▶ **TASK INSTRUCTIONS**:
Omit all pictures and transcribe only the lines in the entries below that run from the line with "Kentucky Council on" through the line with "PEMBAHASAN Bawaslu Karangasem".

▶ **SOURCE DATA**:

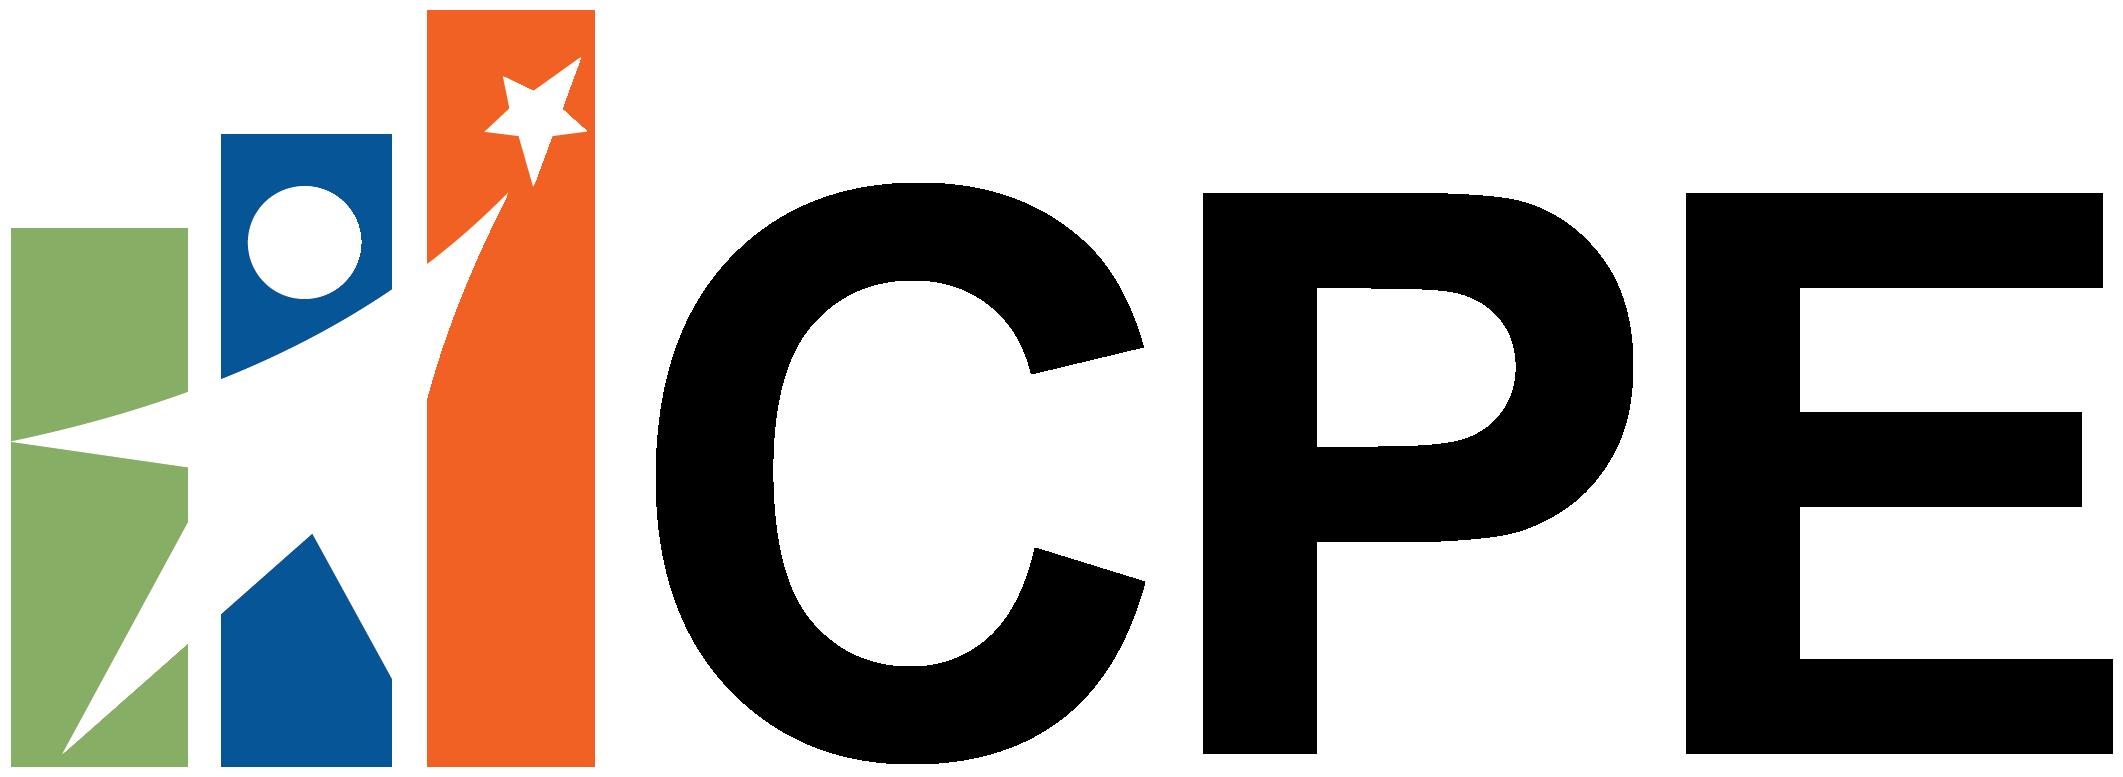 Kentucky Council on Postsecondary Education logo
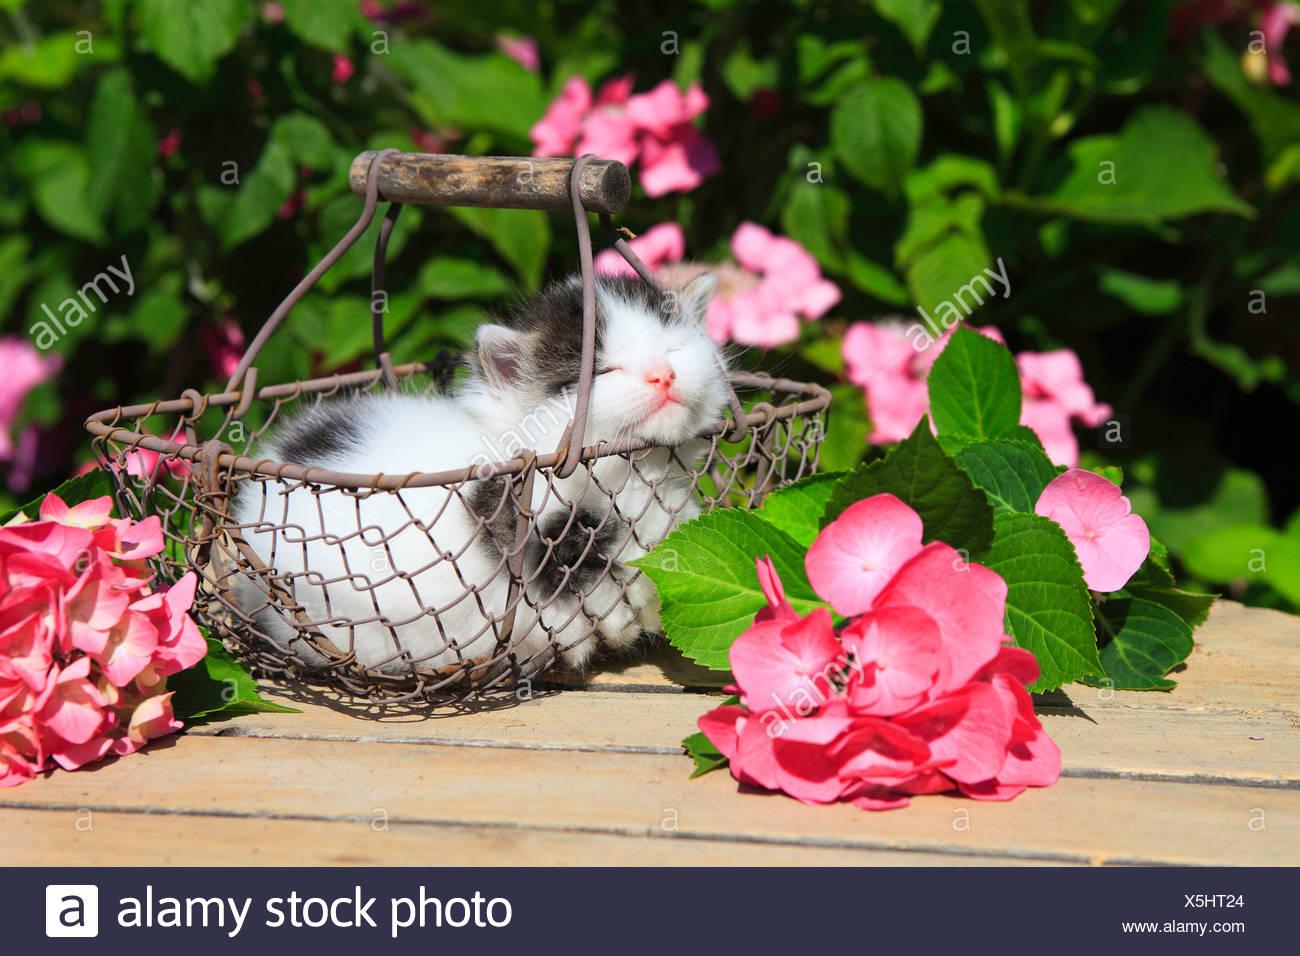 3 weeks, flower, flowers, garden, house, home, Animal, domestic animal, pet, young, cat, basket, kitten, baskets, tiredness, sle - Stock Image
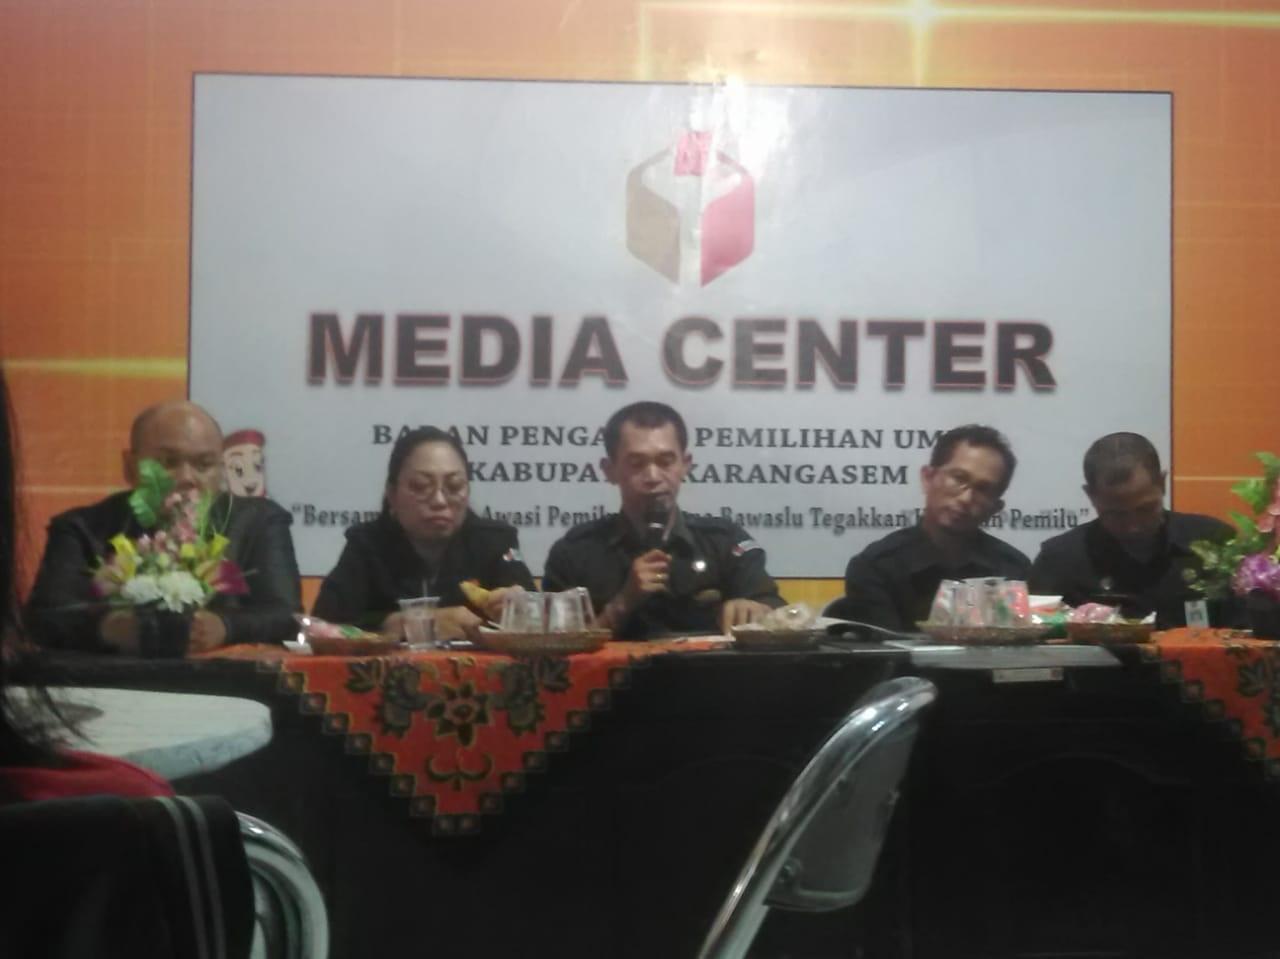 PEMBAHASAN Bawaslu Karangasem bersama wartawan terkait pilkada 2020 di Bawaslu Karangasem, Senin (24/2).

* * *

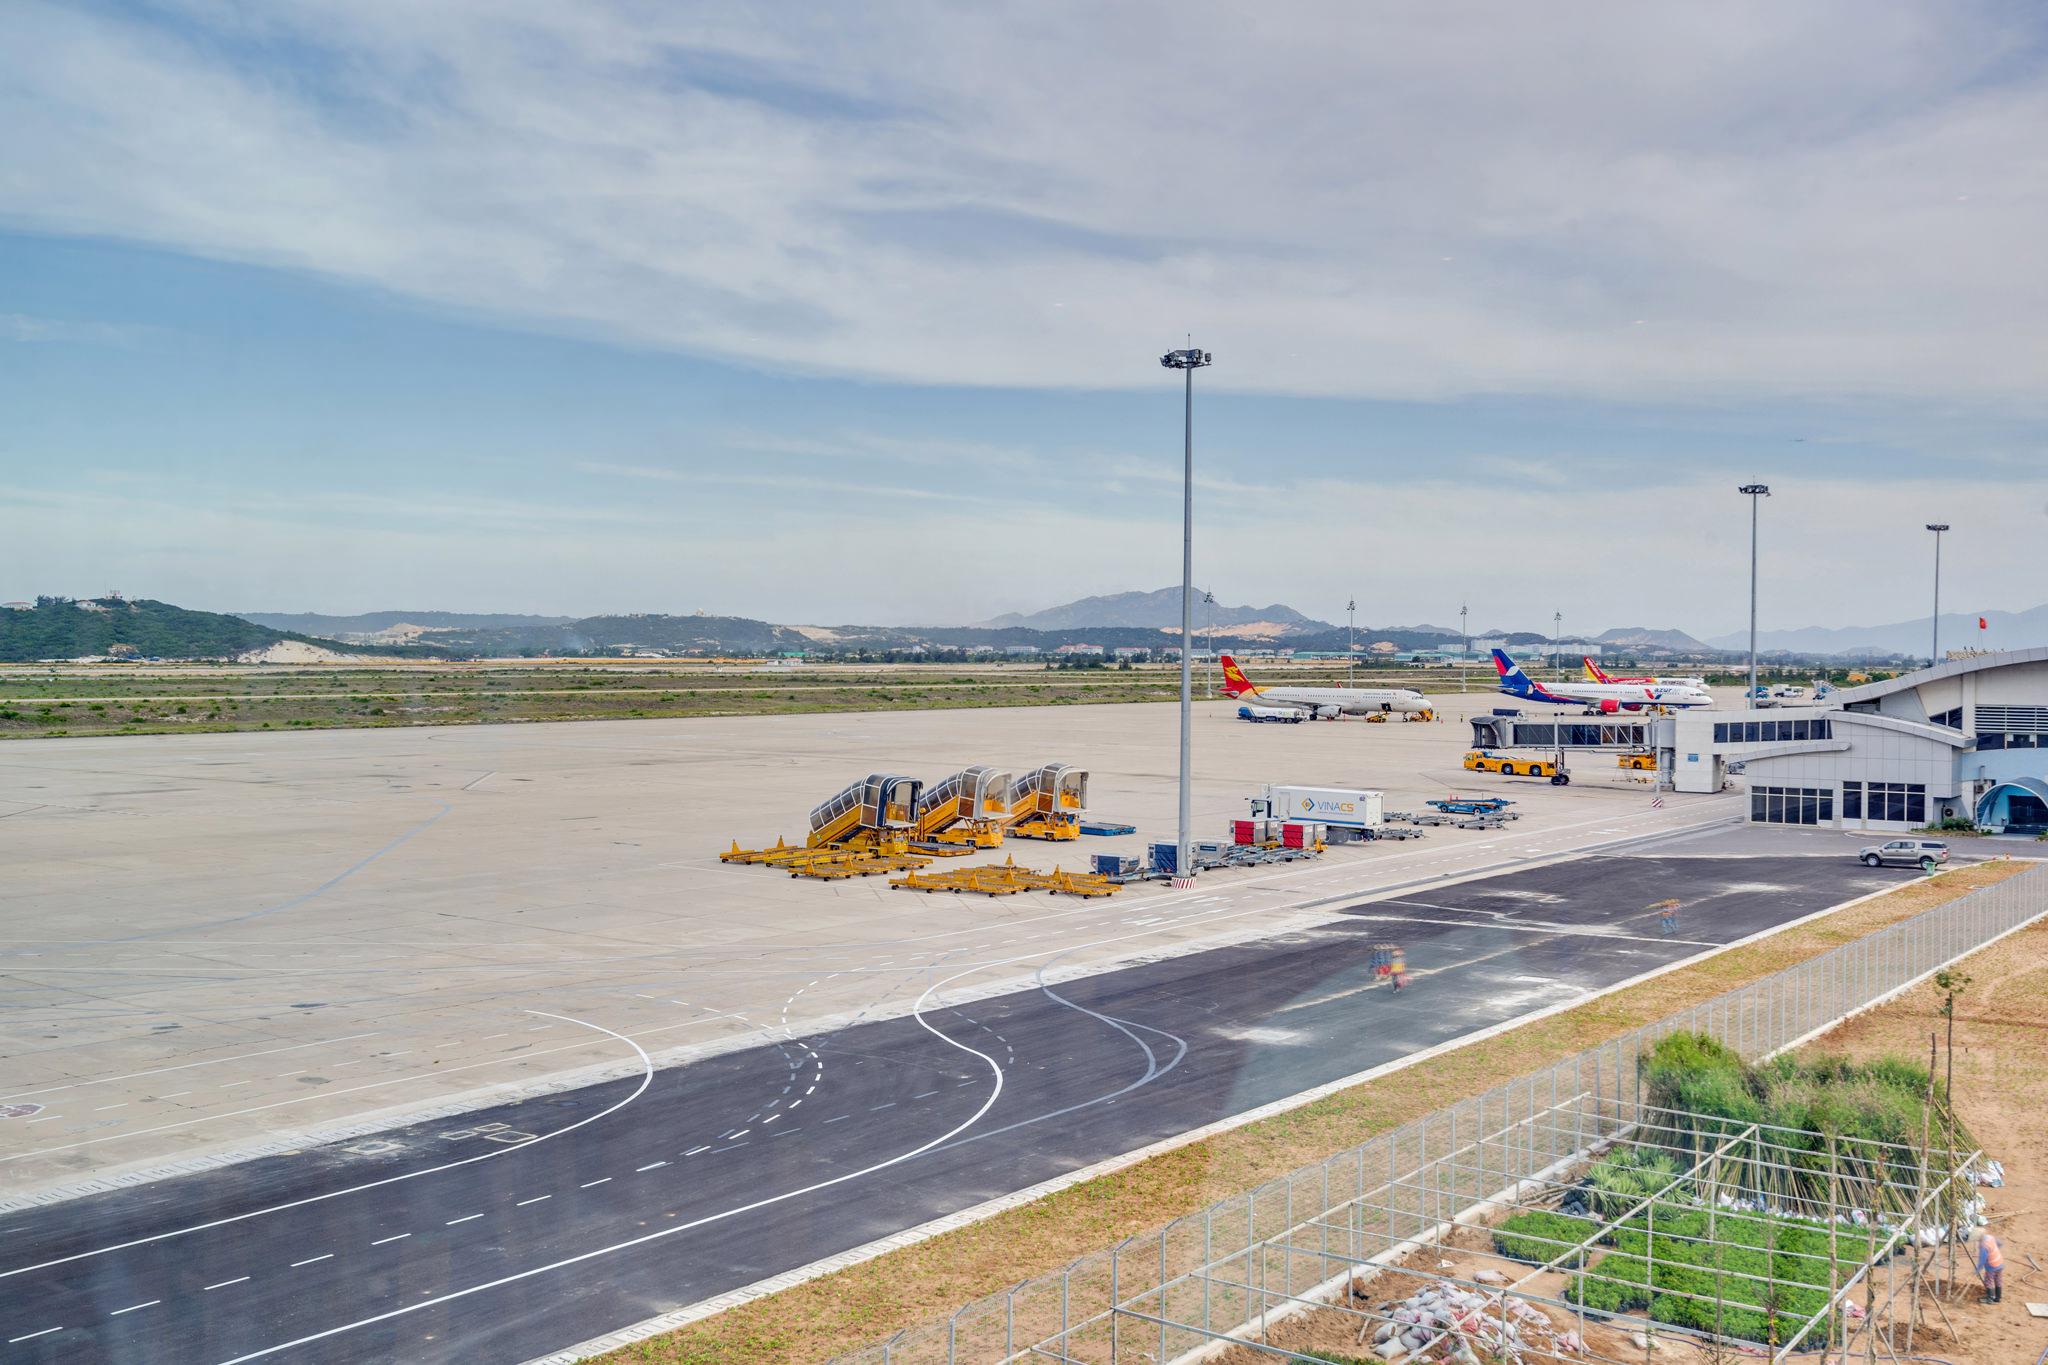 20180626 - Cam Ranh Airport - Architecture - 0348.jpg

▶ **ANSWER SPACE**:
 Kentucky Council on Postsecondary Education logo
 3 weeks, flower, flowers, garden, house, home, Animal, domestic animal, pet, young, cat, basket, kitten, baskets, tiredness, sle - Stock Image
 PEMBAHASAN Bawaslu Karangasem bersama wartawan terkait pilkada 2020 di Bawaslu Karangasem, Senin (24/2).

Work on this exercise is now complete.